## What to do
From the line with "嘉湖山莊樂湖居籌備成立業主立案法團委員會" to the line with "Bastille Day - Paris", output every line below exactly, both ends included. Skip the pictures.

## Exercise input

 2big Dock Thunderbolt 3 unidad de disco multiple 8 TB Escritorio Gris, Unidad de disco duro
---
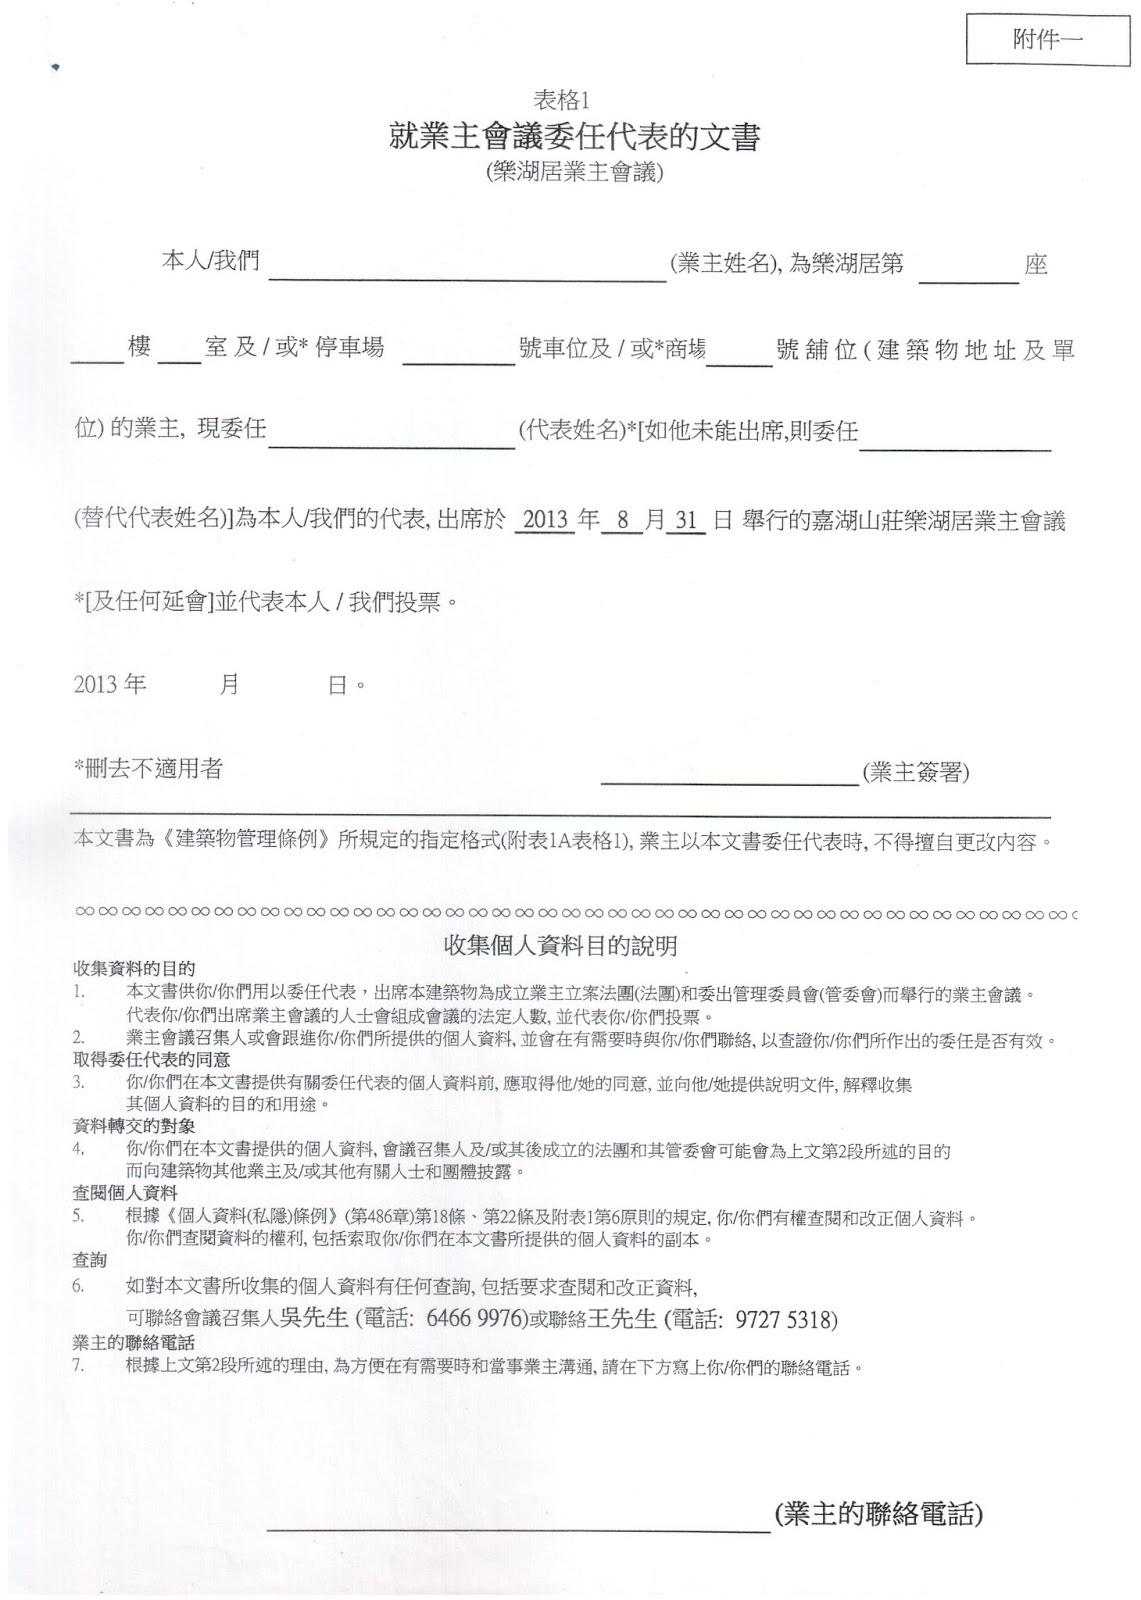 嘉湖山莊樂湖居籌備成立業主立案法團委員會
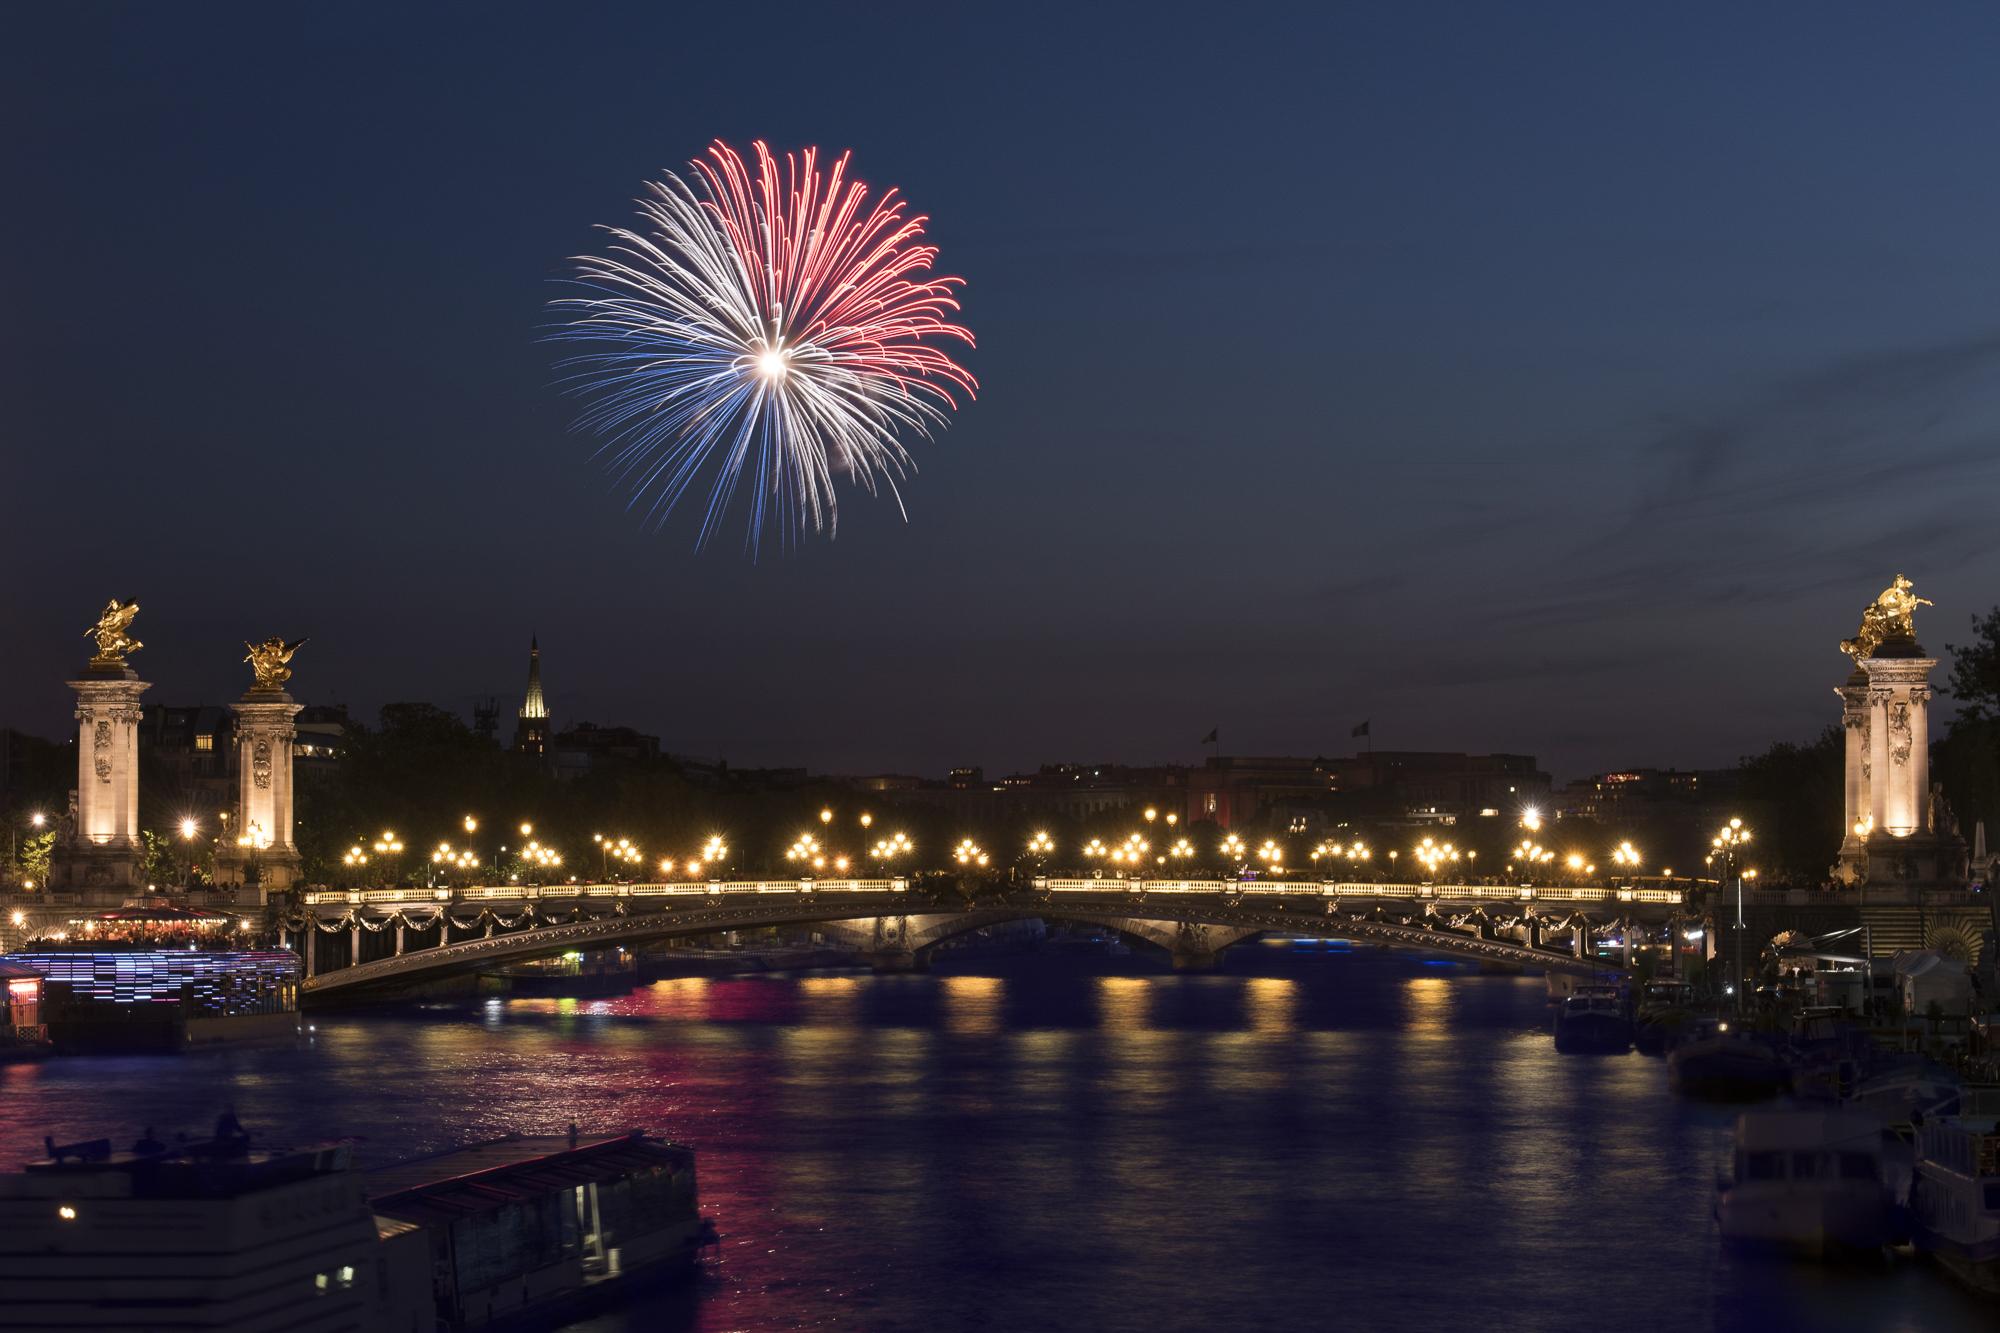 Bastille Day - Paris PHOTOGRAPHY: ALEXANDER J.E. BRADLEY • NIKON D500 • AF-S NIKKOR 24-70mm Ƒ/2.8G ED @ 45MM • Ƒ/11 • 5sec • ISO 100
* * *
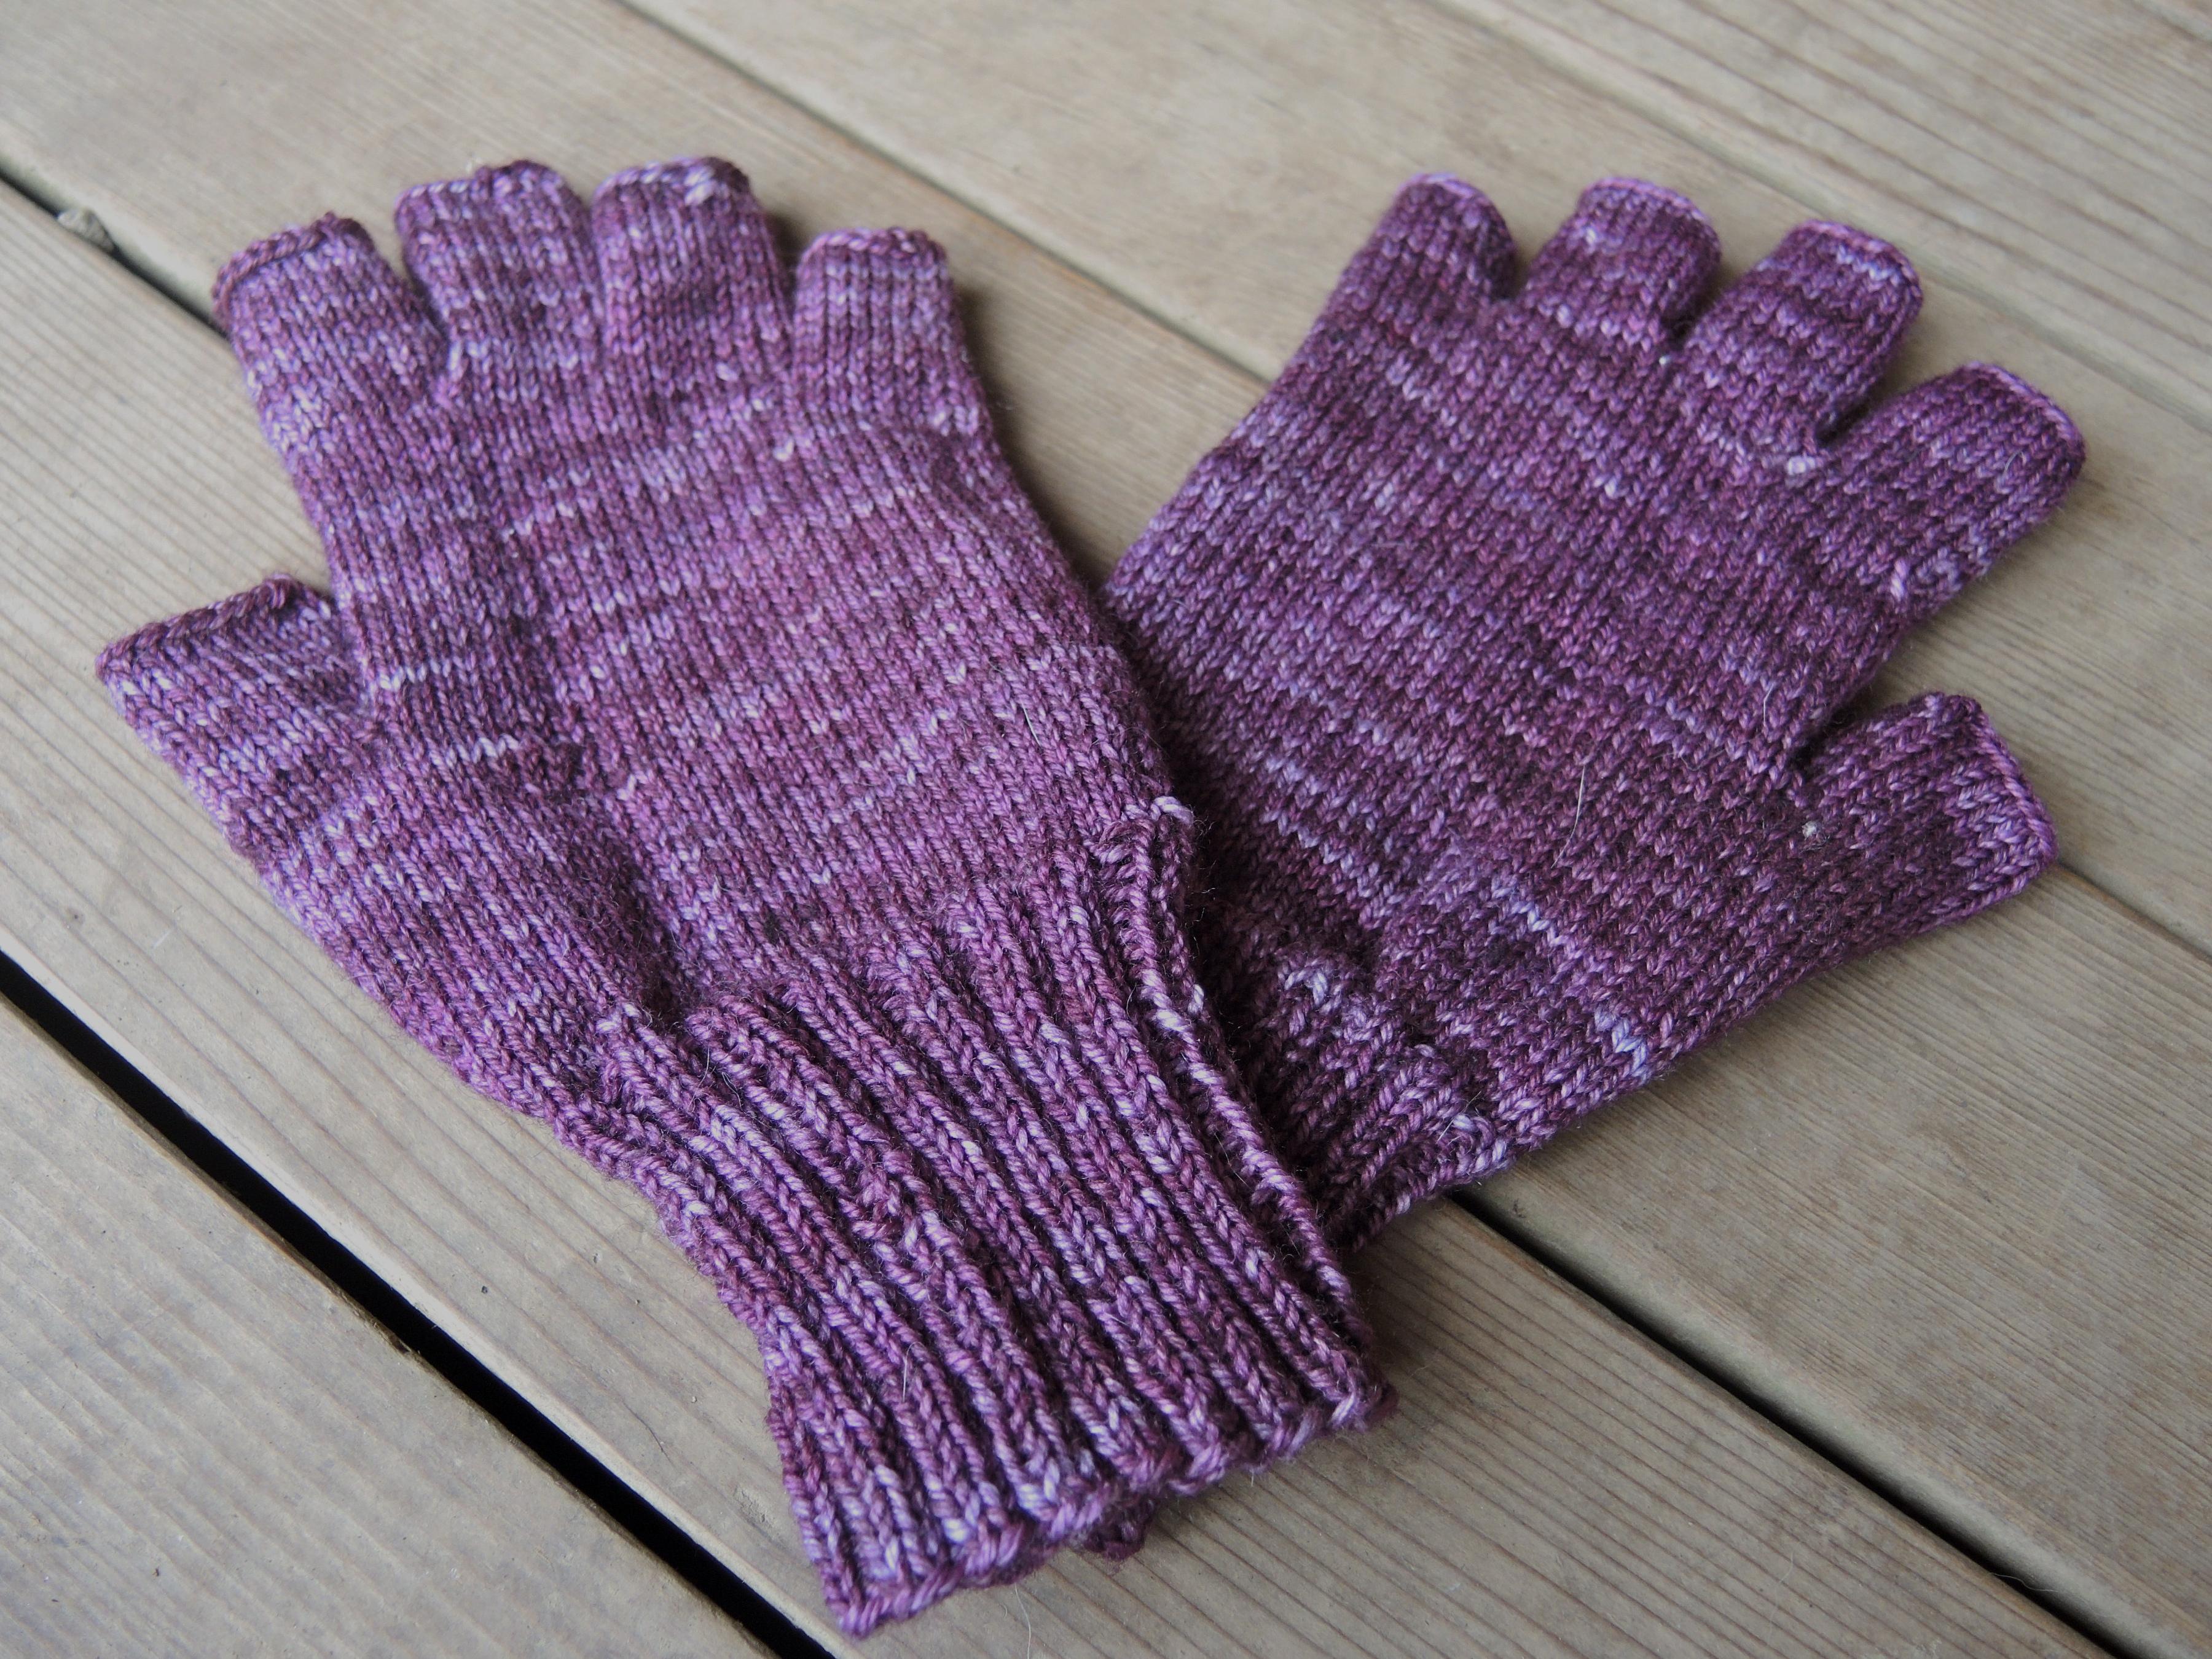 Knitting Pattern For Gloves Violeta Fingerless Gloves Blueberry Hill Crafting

## Response area
 嘉湖山莊樂湖居籌備成立業主立案法團委員會
 Bastille Day - Paris PHOTOGRAPHY: ALEXANDER J.E. BRADLEY • NIKON D500 • AF-S NIKKOR 24-70mm Ƒ/2.8G ED @ 45MM • Ƒ/11 • 5sec • ISO 100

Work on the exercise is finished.